An alternate way that this pitfall manifests is when there is a significant economic or other incentive for suppressing or mischaracterizing the cause of field failures. For example, there can be significant pressure and even systematic approaches to failure reporting and analysis that emphasize human error over equipment failure in mishap reporting (Koopman 2018b). Similarly, if technological maturity is being measured by a trend of reduced safety mechanism engagements (e.g. autonomy disengagements during road testing (Banerjee et al. 2018)), there can be significant pressure to artificially reduce the number of events reported. Claiming proven in use integrity for a component subject to artificially reduced or suppressed error reports is again basing an argument on faulty evidence.

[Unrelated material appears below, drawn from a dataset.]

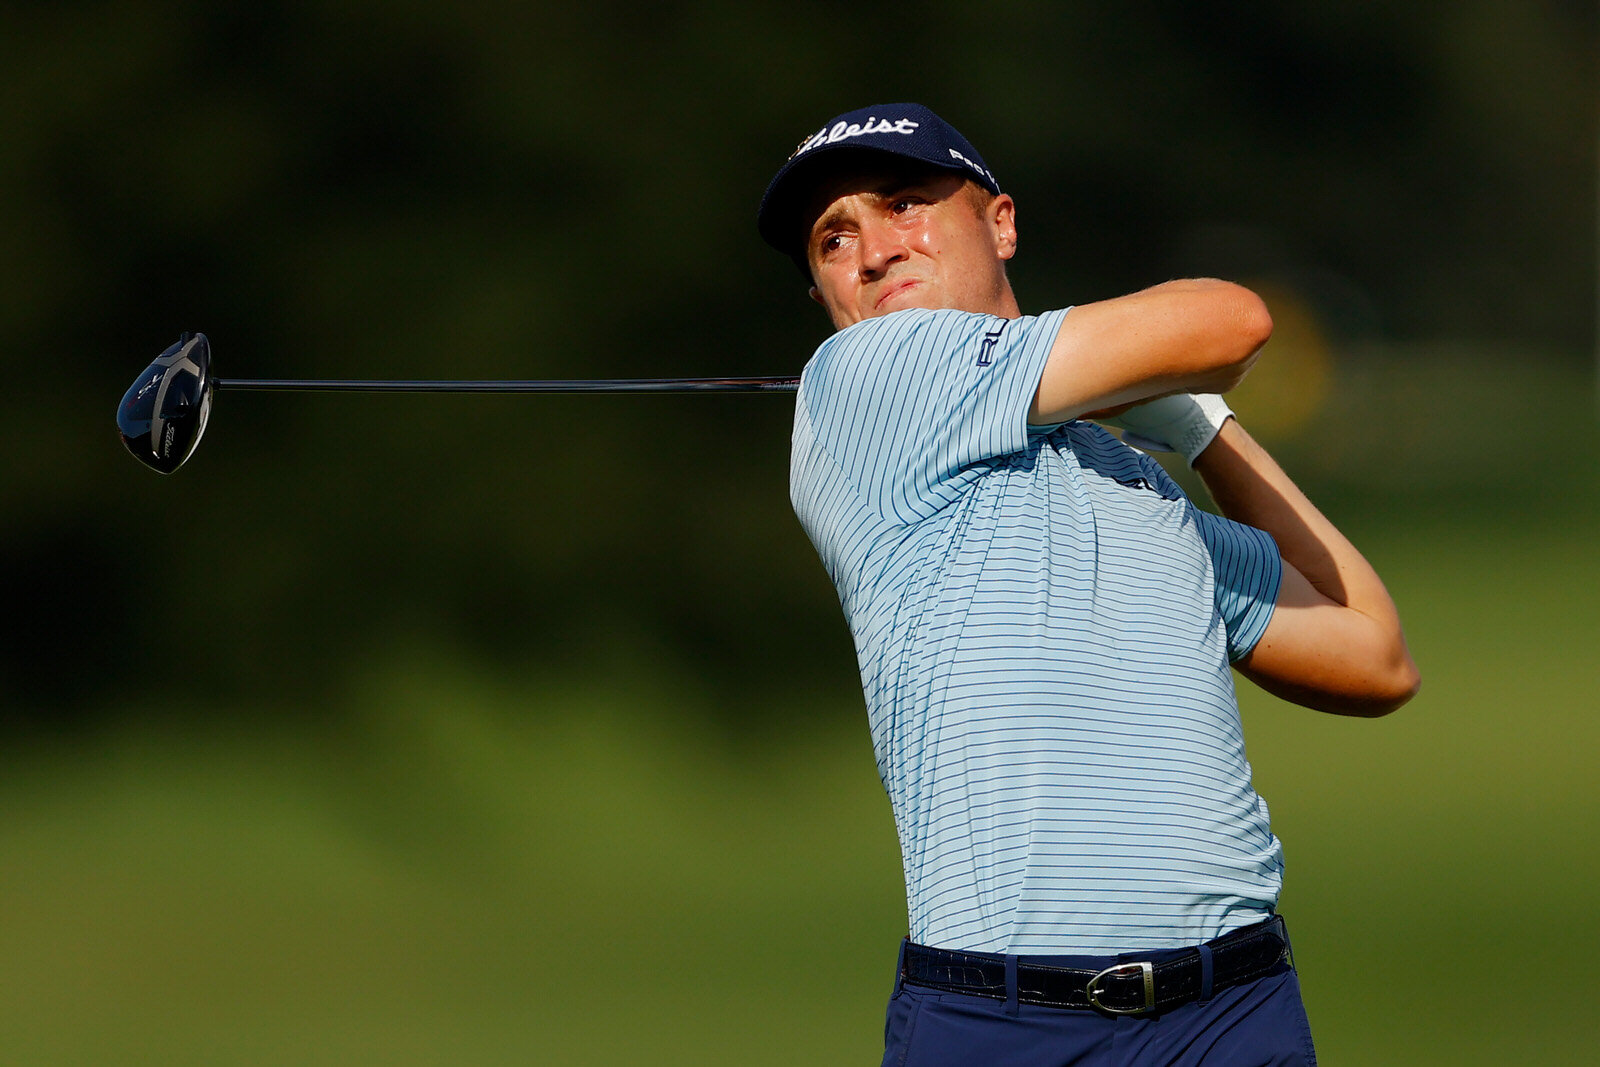  ATLANTA, GEORGIA - SEPTEMBER 05: Justin Thomas of the United States plays his shot from the 16th tee during the second round of the TOUR Championship at East Lake Golf Club on September 05, 2020 in Atlanta, Georgia. (Photo by Kevin C. Cox/Getty Imag

Finally, arguing that a component cannot be unsafe because it has never caused a mishap before can result in systems that are unsafe by induction. More specifically, if each time you argue it wasn't that component's fault, and therefore don't attribute cause to that component, then you can continue that behavior forever, all the while denying that an unsafe component is OK.

(This is an excerpt of our SSS 2019 paper: Koopman, P., Kane, A. & Black, J., "Credible Autonomy Safety Argumentation," Safety-Critical Systems Symposium, Bristol UK, Feb. 2019. Read the full text here)

Leveson, N. (1993) An investigation of the Therac-25 Accidents, IEEE Computer, July 1993, pp. 18-41.
Koopman, P. (2018b), "Practical Experience Report: Automotive Safety Practices vs. Accepted Principles," SAFECOMP, Sept. 2018.
Bannerjee, S., Jha, S., Cyriac, J., Kalbarczyk, Z, Iyer, R., (2018) “Hands Off the Wheel in Autonomous Vehicles?: A Systems Perspective on over a Million Miles of Field Data,” 48th Annual IEEE/IFIP International Conference on Dependable Systems and Networks (DSN), 2018.